I’m not very clear about the fundamental nature of authenticity. If I had two big books on the desk in front of me, on the left a Shakespeare First Folio, and on the right a perfect facsimile of a First Folio, with no detectable difference between the two volumes, the book on the left would be a treasure, and the one on the right would be a curiosity. Even if there were no way to tell them apart. I believe this with no shadow of a doubt, despite how nonsensical it is to make such a distinction between identical objects. It’s pure muddle-headed romance.

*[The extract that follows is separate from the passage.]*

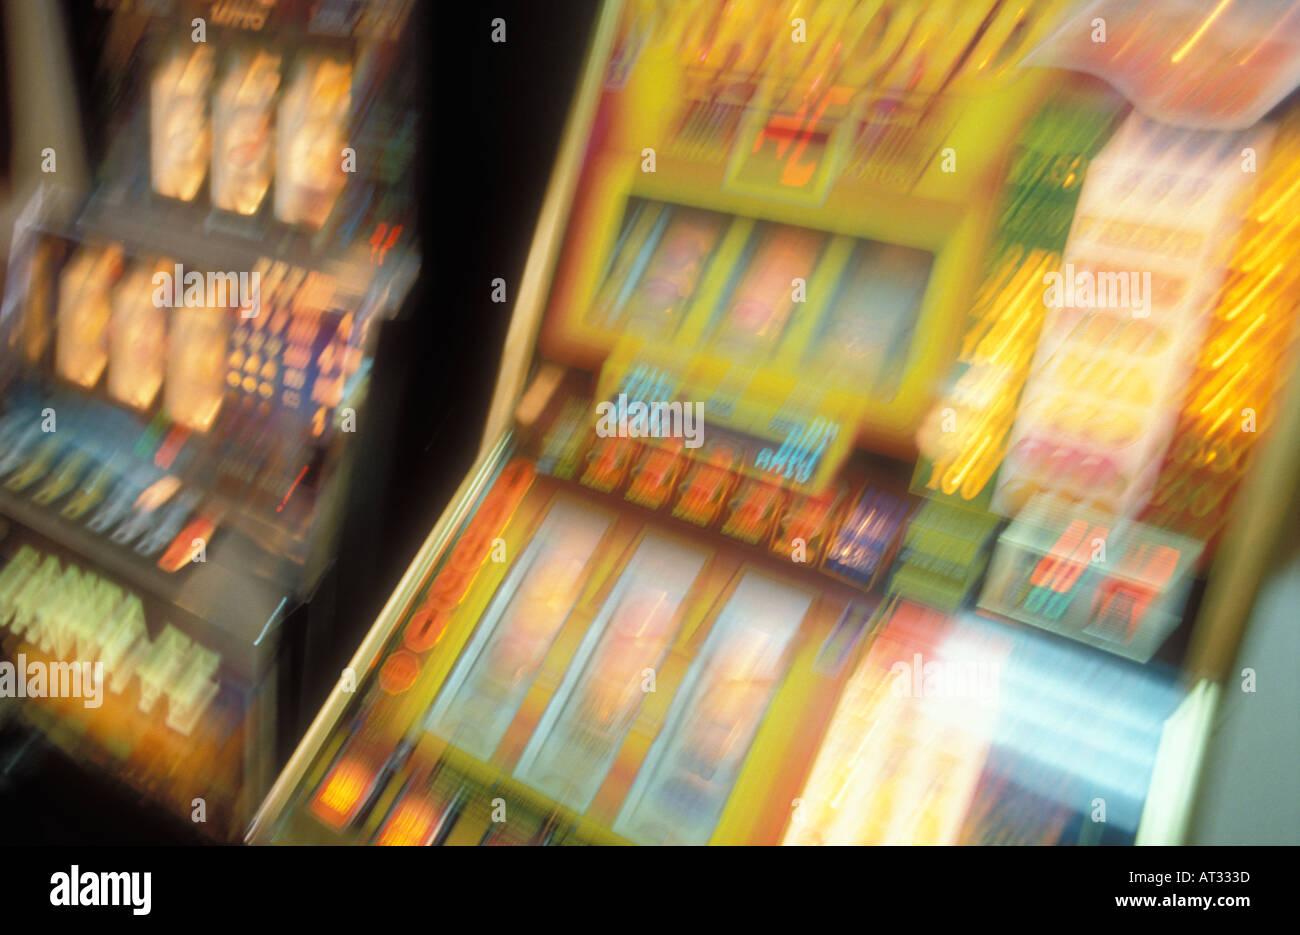 Arcade Money Machine Lucky Luck Random Two Moved Exposure Blurred

Terry has an idea about the genuineness of a proper Camino that I don’t share. He thinks that walking every step of the way and carrying all your gear on your back is an actual Camino, and that every other variety is a shameful fake. I see what he means, when I think about my First Folios, but my example of the identical volumes proves to me that the most important thing about this sort of authenticity resides in my attitude, not in the things themselves.

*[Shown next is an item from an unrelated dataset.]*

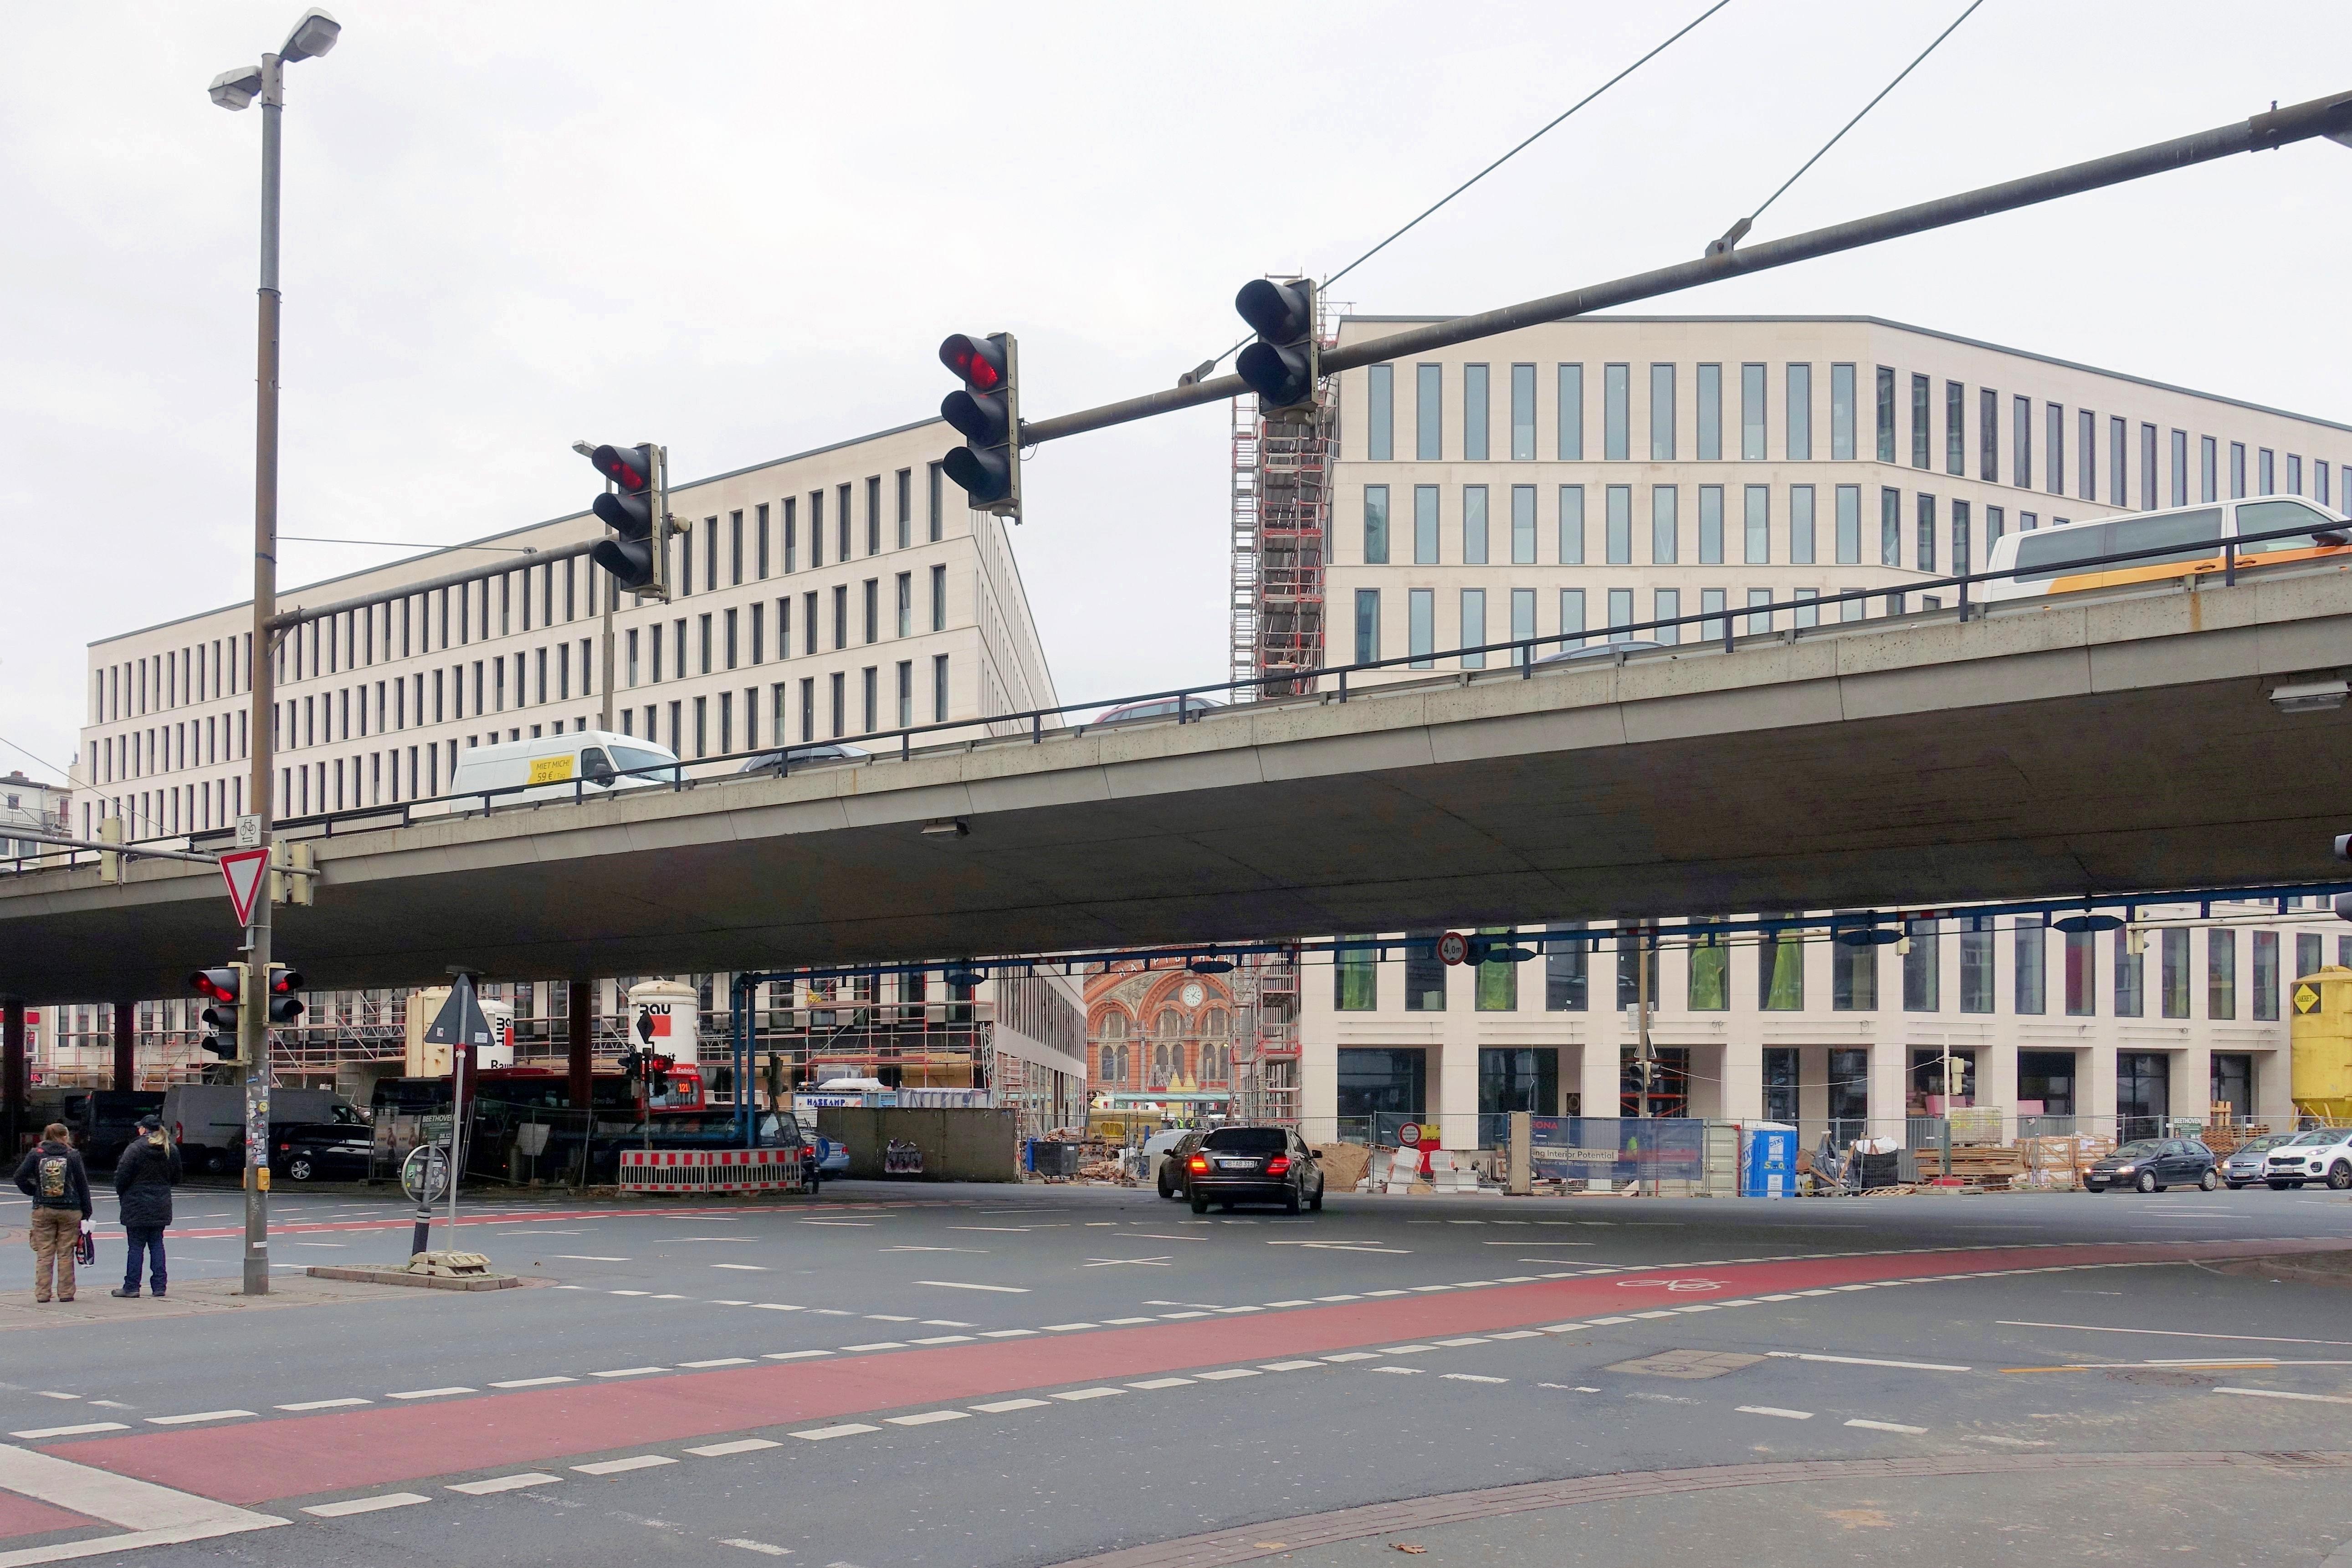 Baustelle Bahnhofsplatz 335

I am sure that the bones in the cathedral, a hundred yards from where I’m typing these words, are only bones, and that even if they were the bones of a saint they would still be only bones. But that’s because I don’t have a romantic attitude toward sainthood or any faith in the reliability of the church. If I were an illiterate farmer, 500 years ago, these relics would not only have the romance of history, they would be a physical connection to heaven. A First Folio would be nothing by comparison to such a thing.

I tried to explain this point of view in conversation with my friend Xiang Hua, a week ago. She only laughed.

Tomorrow morning I’m going to continue my Camino. I will have to walk for three or four days to get to the Atlantic Ocean. I had been torn about whether to go to Finisterre or to Muxia, two common destinations among those of us who haven’t had enough walking when we get to Santiago, but Terry convinced me that Muxia is the place to go. He said it’s a pretty little town, right on the beach, where big waves come crashing down. This recommendation was enough for me.

If I were to go to Finisterre, I couldn’t actually get to the water; the bluffs leading down to the beach are too steep. But in Muxia, I can get my feet wet. If I go to Muxia and take off my boots and wade into the water, I will have walked all of the way across Spain. Not 99.9999% of the way. All of the way.

I know this is ridiculous. Don’t bother to point it out.

“But I swore I wouldn’t tell it and here I am tantalizing you.” She yawned gracefully in my face.
– The Great Gatsby

I am not a car guy, but look at this thing. Look at it.


The Camino opens up into the morning mist.

The view as the mist retreats.

The unfortunate facts about the cathedral and my face.

Receiving your compostela has all of the mystery and reverence of a trip to the Department of Motor Vehicles.

A typical breakfast, with my compostela in a tube.

The French guy who hissed while he palpated his blisters walked on those blisters all the way to Santiago.

I was lucky enough to witness the dramatic censer-swinging at this morning’s Pilgrim mass.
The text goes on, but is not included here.